Я уже клевал носом над смутной страницею; взгляд мой скользнул с рукописных букв к печатным. Я увидел красное орнаментированное заглавие «Седмижды семьдесят[3] и первый из семьдесят первого. Благочестивое рассужденье, зачтенное преподобным Иависом Брандерхамом в церкви Гиммерденской Топи». И, в полудреме гадая, как именно Иавис Брандерхам понимает свой предмет, я опустился на постель и уснул. Увы мне! дурной чай и дурные нравы сыграли злую шутку! Какие еще резоны могли навлечь на меня столь ужасно проведенную ночь? Со времен, когда я впервые познал страданья, ни одна иная не идет с нею ни в какое сравнение.
Не успел я утратить понятие о том, что меня окружает, как уже начал грезить. Чудилось мне, что настало утро и я под водительством Джозефа двинулся в путь домой. Дорогу завалило снегом во многие ярды глубиною; мы барахтались в нем, и спутник мой неумолчно пенял мне за то, что я не взял посоха пилигрима: говорил, что без посоха мне в дом не войти, и хвастливо помавал тяжеленной дубиною, каковую, если я верно понял, он за означенный посох и почитал. Вначале я счел нелепицей, что мне может потребоваться подобное орудие, дабы попасть в собственное жилище. Затем меня посетило озаренье. Я направляюсь не домой: мы идем послушать, как знаменитый Иавис Брандерхам читает из своего рассуждения «Седмижды семьдесят», притом либо Джозеф, либо проповедник, либо я виновны в «первом из семьдесят первого», а посему будет публично осужден и отлучен.
Мы приблизились к церкви. На прогулках я дважды или трижды ее миновал: стоит она в лощине меж двух холмов; лощина же располагается выше болота, коего торфяная влага великолепно, говорят, бальзамирует трупы, что туда помещены. Крыша у церкви сохранна; но поскольку священнику полагается лишь двадцать фунтов в год жалованья да хижина о две комнаты, грозящие стремительно обернуться одной, обязанностей пастора ни один священник на себя не взвалил, тем паче, что, как ныне выясняется, паства скорей уморит его голодом, нежели прибавит к жалованью хоть пенни из собственных карманов. Однако во сне моем к Иавису сошлась многолюдная и чуткая конгрегация; и он проповедовал – Боже правый! что это была за проповедь – преподобный поделил ее на четыреста девяносто частей, и каждая равна была обычному поученью с кафедры, и в каждой речь шла об отдельном грехе!
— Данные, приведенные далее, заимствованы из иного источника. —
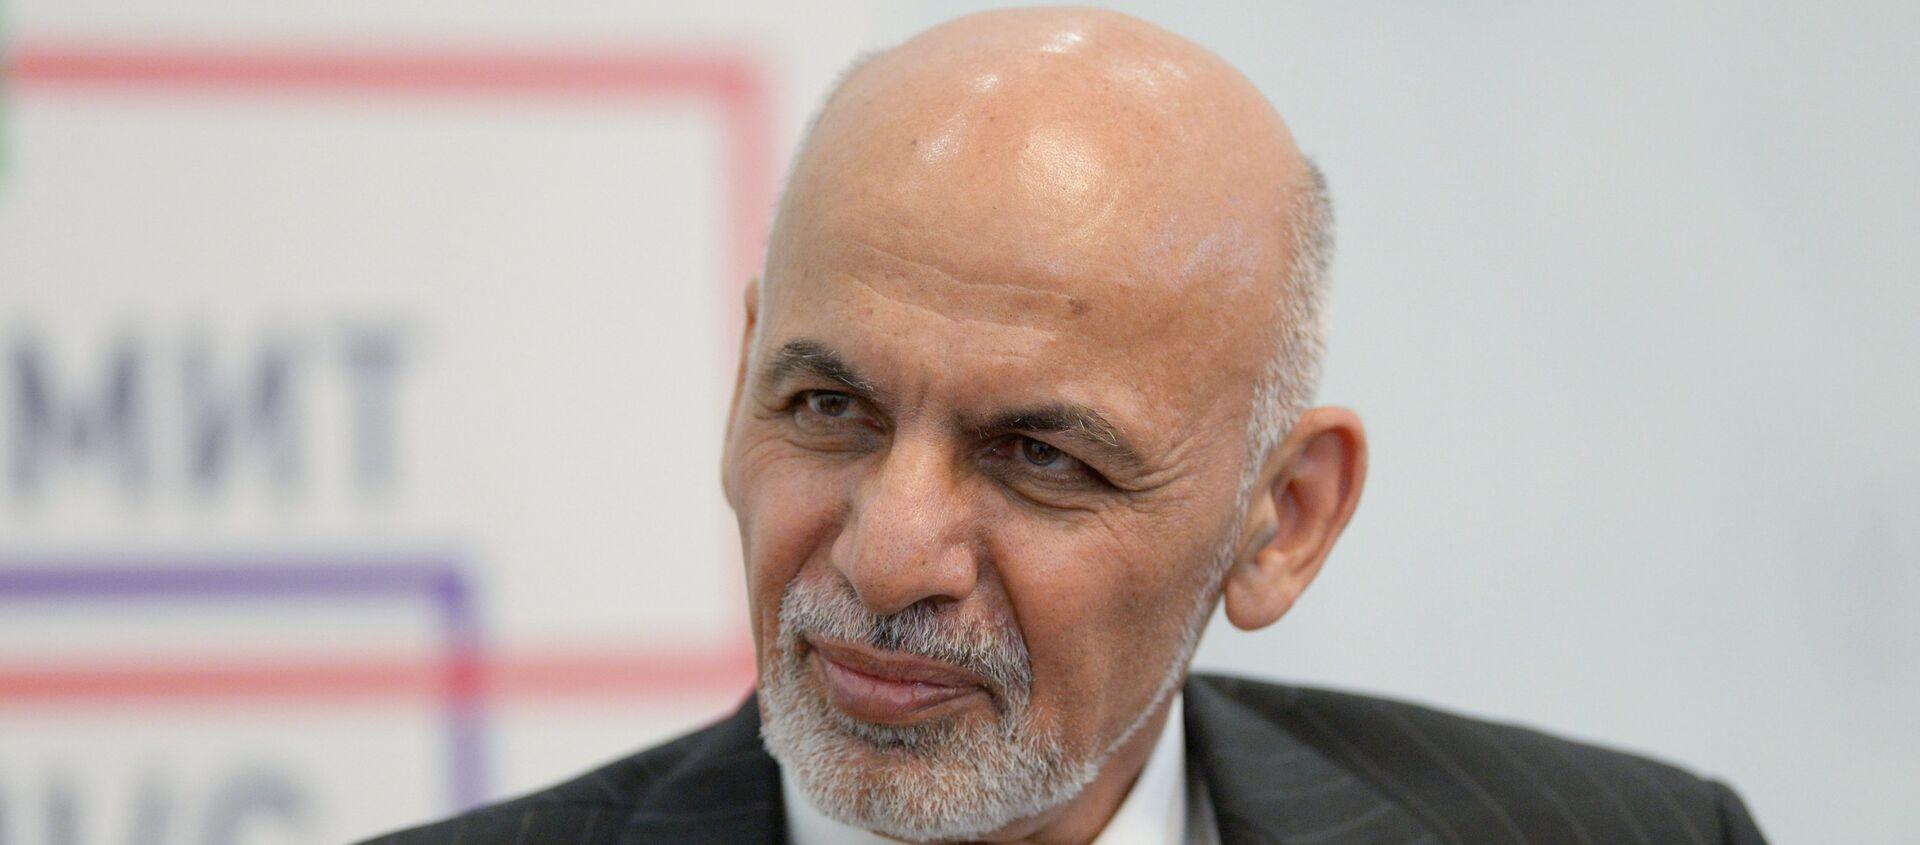 Tổng thống Afghanistan Ashraf Ghani  - Sputnik Việt Nam, 1920, 19.08.2021
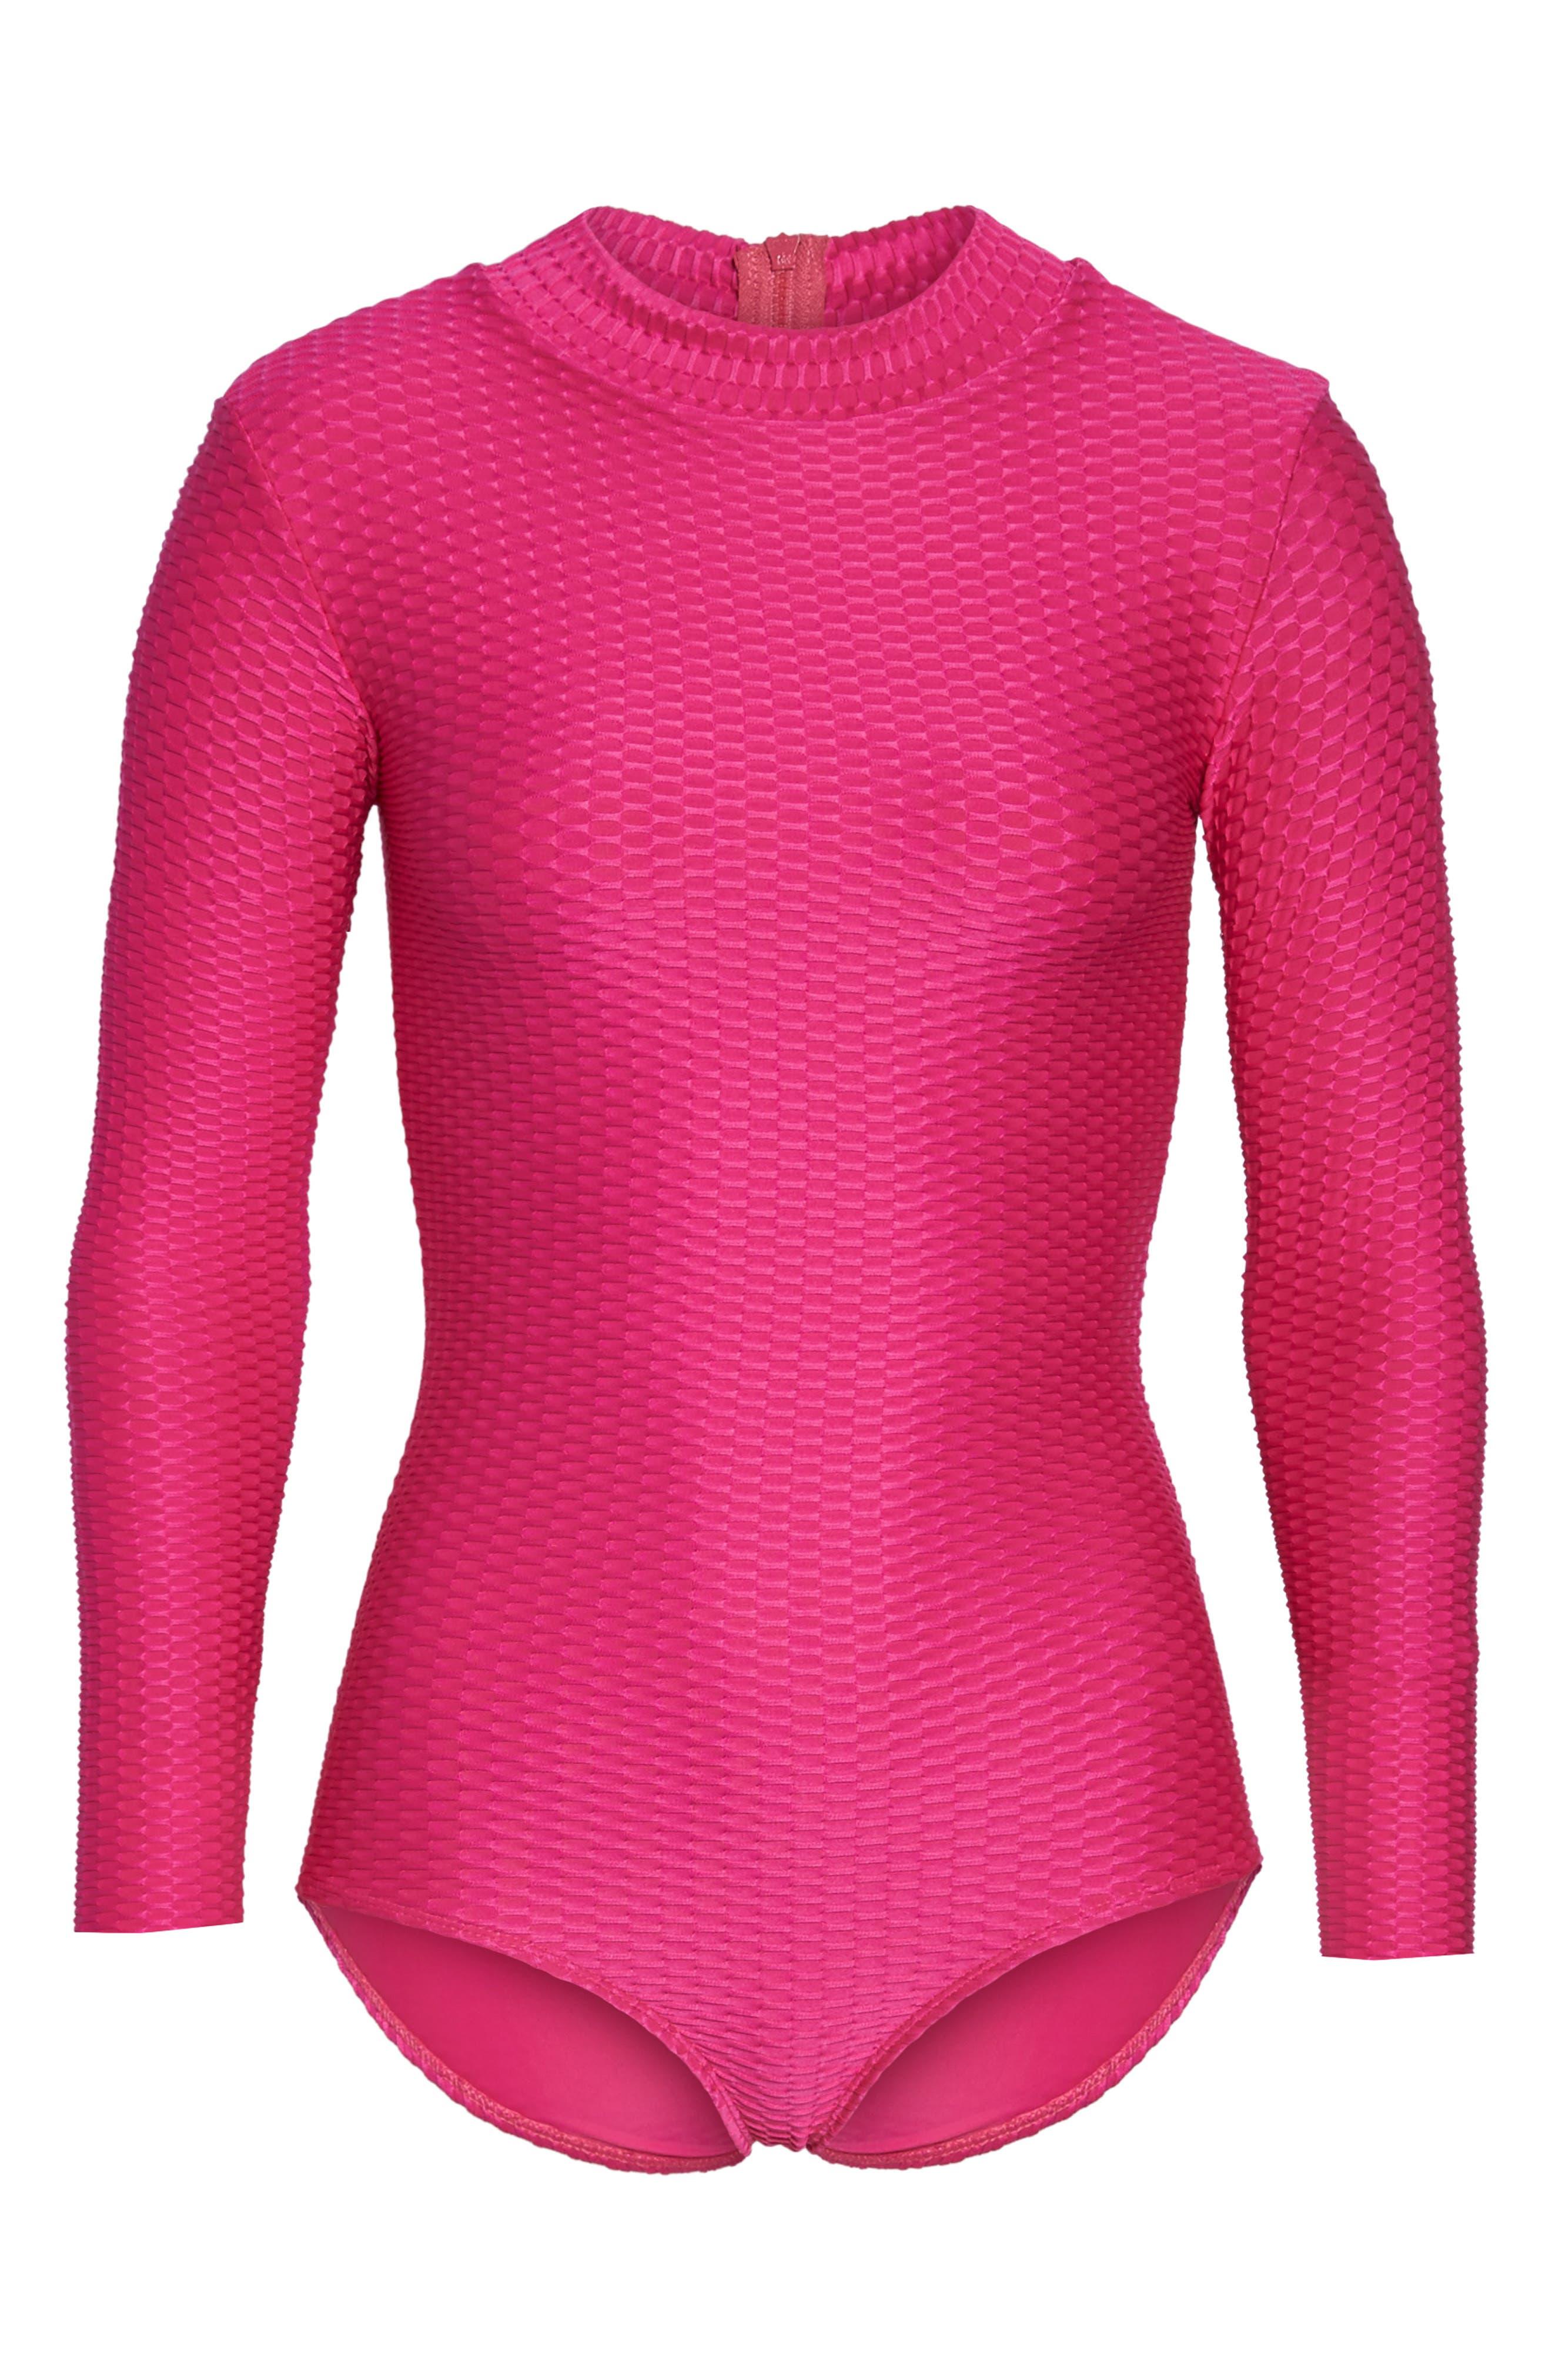 Long Sleeve One-Piece Swimsuit,                             Alternate thumbnail 6, color,                             Fuchsia

Где уж он их все раскопал, сказать не могу. Библейское реченье он трактовал весьма своеобычно, и выходило у него, что брат его во Христе, греша, непременно должен грешить всякий раз новым грехом. И были те грехи прелюбопытнейшего свойства: диковинные проступки, кои прежде мне и в голову не приходили.
О, как истомился я! Как ерзал, и зевал, и забывался, и опоминался! Как я щипал и тыкал себя, и тер глаза, и вставал, и вновь садился, и толкал Джозефа, осведомляясь, когда же это закончится! Я обречен был выслушать всё целиком; в конце концов проповедник добрался до «Первого из семьдесят первого». В сей кульминационный миг меня посетило нежданное вдохновенье; оно побудило меня подняться и объявить Иависа Брандерхама грешником, свершившим проступок, кой прощать нет нужды ни одному христианину.
– Сэр, – вскричал я, – сидя неотлучно в сих четырех стенах, я стерпел и простил четыреста девяносто предметов вашего рассужденья. Седмижды семьдесят раз я хватался за шляпу и порывался отбыть – седмижды семьдесят раз вы абсурдным манером принуждали меня сесть на место. Четыреста девяносто первый переполнил чашу терпенья. Держите его, истерзанные друзья мои! Стащите его с кафедры, распылите его на атомы, дабы пределы эти больше не знали его!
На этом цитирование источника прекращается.